Editorial: Power of denial

This week, iPhone maker Apple warned its smartphone users about ongoing Pegasus-like sophisticated mercenary spyware attacks targetting a small number of individuals – often journalists, activists, politicians and diplomats. While such attacks have historically been associated with state actors per past research and reports, the implication of this warning is pronounced in a year when around 60 countries, including India, are going for elections. Such mercenary spyware attacks cost millions of dollars and often have a short shelf life, making them much harder to detect and prevent.

It was just last year that a covert Israel-based spyware company with hacking capabilities comparable to that of NSO Group’s highly-invasive Pegasus was revealed to have customers in at least 10 countries, including North America and Europe. The report confirmed that its hacking tools were employed against opposition party politicians and journalists using a zero-click exploit. The report went on to say that some of the state clients include nations with dismal track records pertaining to widespread human rights issues, such as Mexico and UAE. No specific cases involving Indian operations were found.

But that’s little consolation as episodes involving the use of such surveillance techniques have often been reported, only to be silenced once the next big story drops. Two years ago, a major international daily had reported that India had acquired Pegasus from Israel as part of a defence deal in 2017. A probe led by a global consortium of media outlets revealed how the malware was used by governments around the world to hack phones of dissidents. The phone numbers of the so-called targets were on a database which was believed to be of interest to clients of the NSO Group.

In spite of all the agitation raised by Opposition leaders, the demand for answers fell on deaf ears. Unsurprisingly in 2022, the Supreme Court said its technical expert committee, after months of forensic scrutiny, was unable to find Pegasus spyware in the 29 mobile phones of complainants. The CJI-led bench was categoric in its remarks when it said that the government did not cooperate with the technical committee on scrutiny of the devices for Pegasus spyware.

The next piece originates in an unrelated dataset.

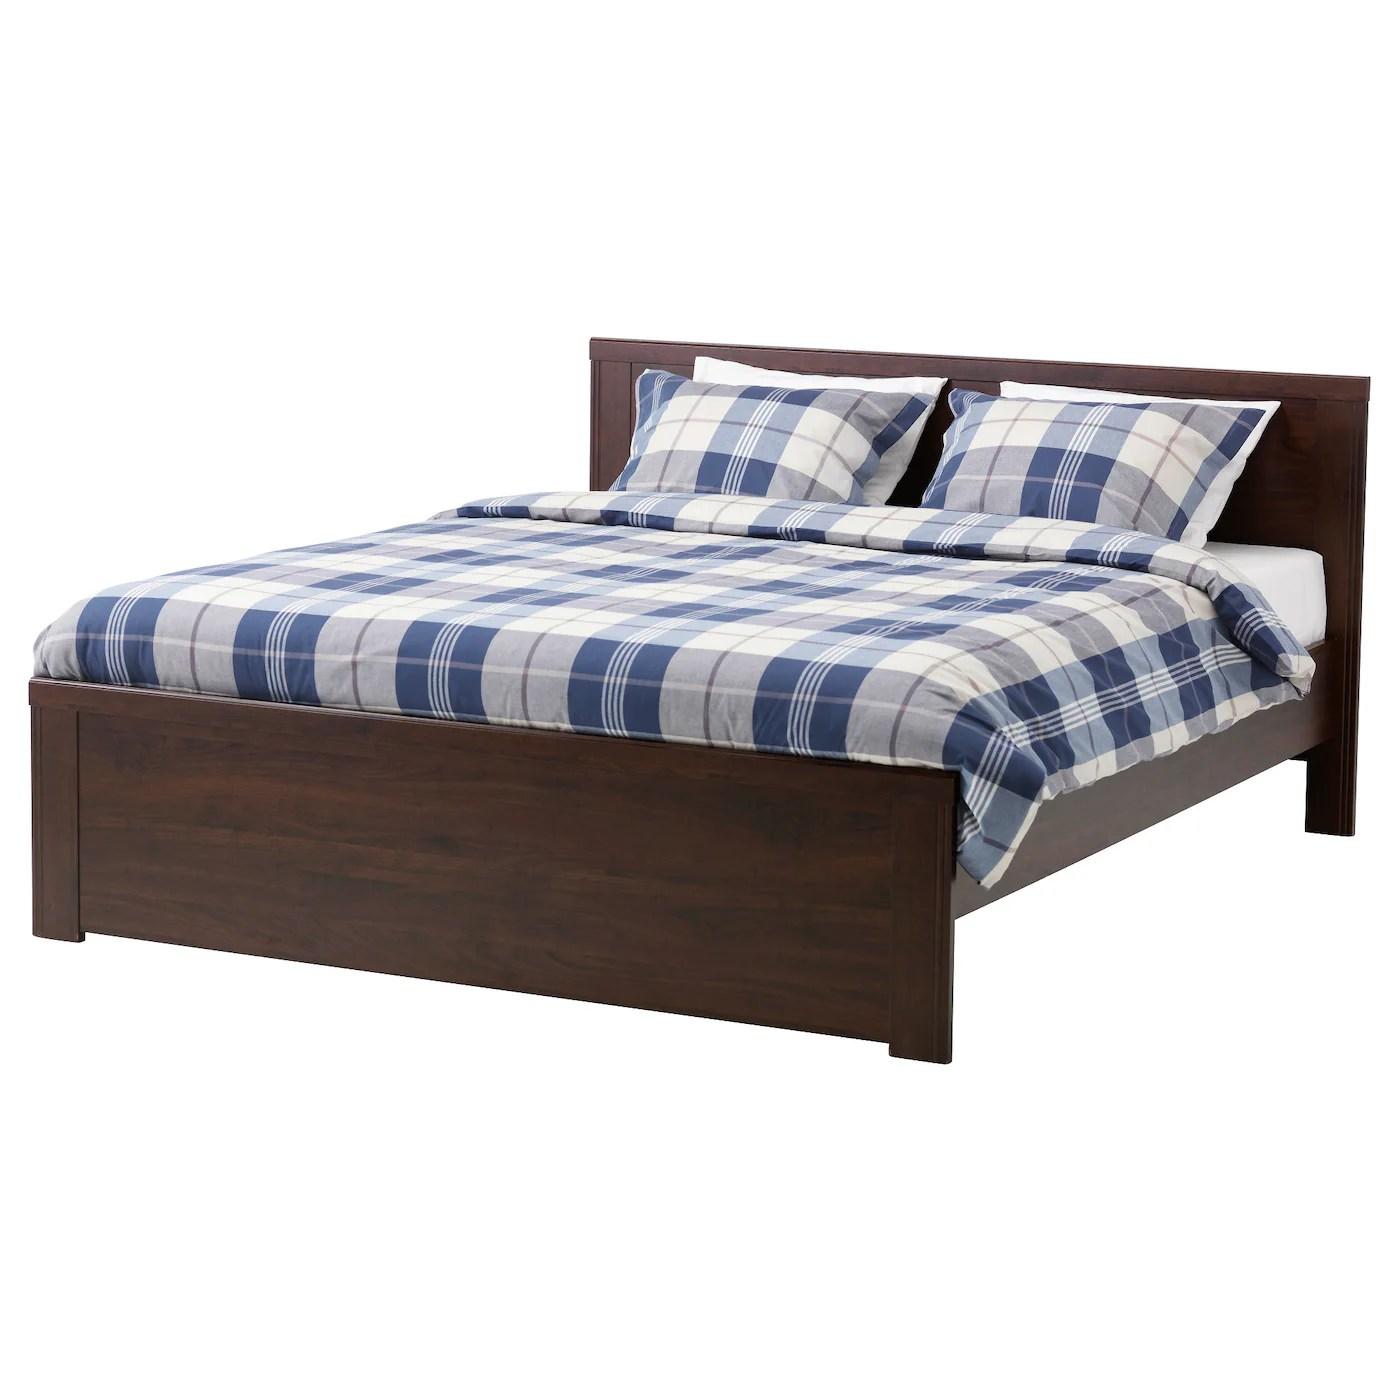 Brusali Bed Frame Brown Luroy Standard Double

Then, last year in December, Amnesty International, in partnership with The Washington Post, revealed new details regarding the continued use of Pegasus to target prominent journalists in India, including one who had previously been a victim of an attack using the same spyware. The prospect of eavesdropping on the media or political opponents is now finding champions among world leaders too. Last month, former Polish PM Jaroslaw Kaczynski told a parliamentary committee that he believed Warsaw was in urgent need of advanced spyware. And, despite his leadership position, he wasn’t interested in how or against whom it was used.

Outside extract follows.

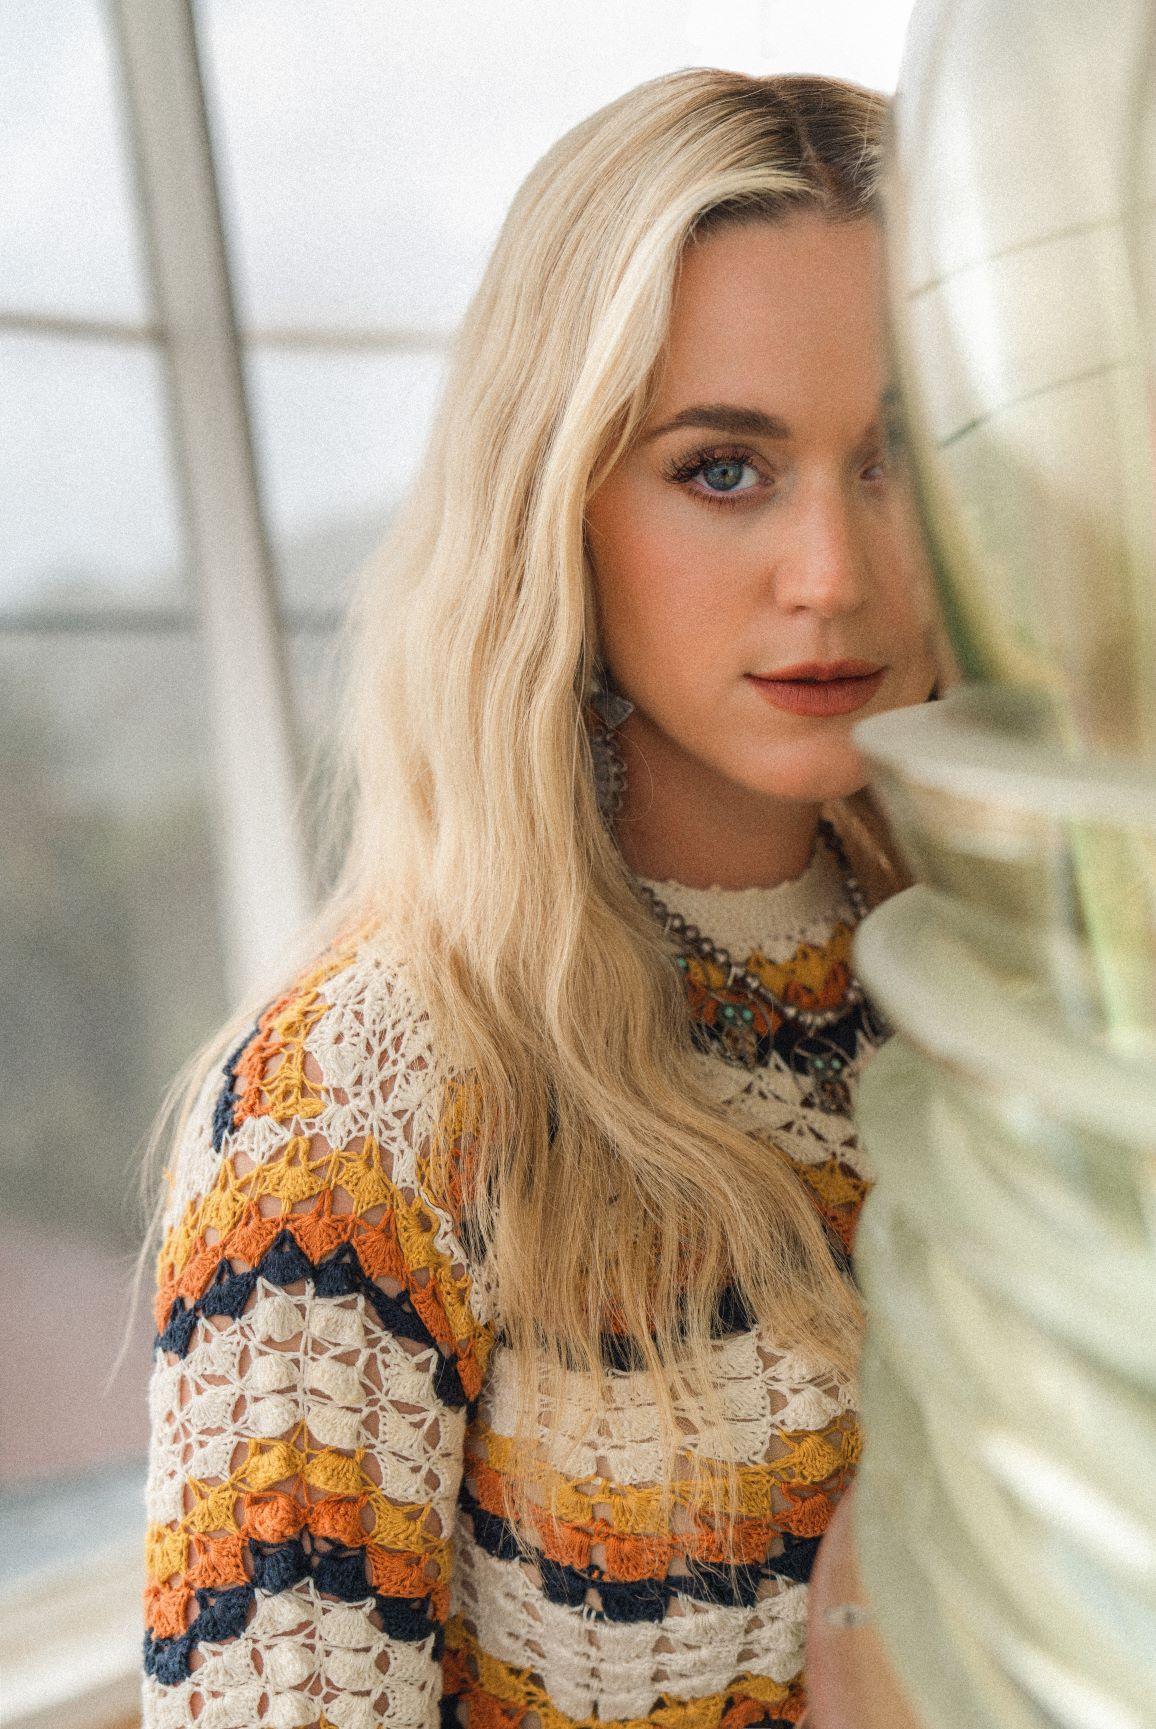 Katy Perry album e tour - Immagini

Interestingly, the US, which has a dubious reputation vis-a-vis surveillance, cultivated in the post-War years, is waking up to the perils of spyware. In March, the Treasury Department sanctioned a Greece-based spyware company headed by a former Israeli military officer that developed, operated and distributed technology used to target US government officials, journalists and policy experts. The measure comes on the back of Washington restricting its use of commercial spyware tools, under an executive order issued by President Joe Biden. It might be a tall order to get India to enforce such legislation, considering our go-to response is denial.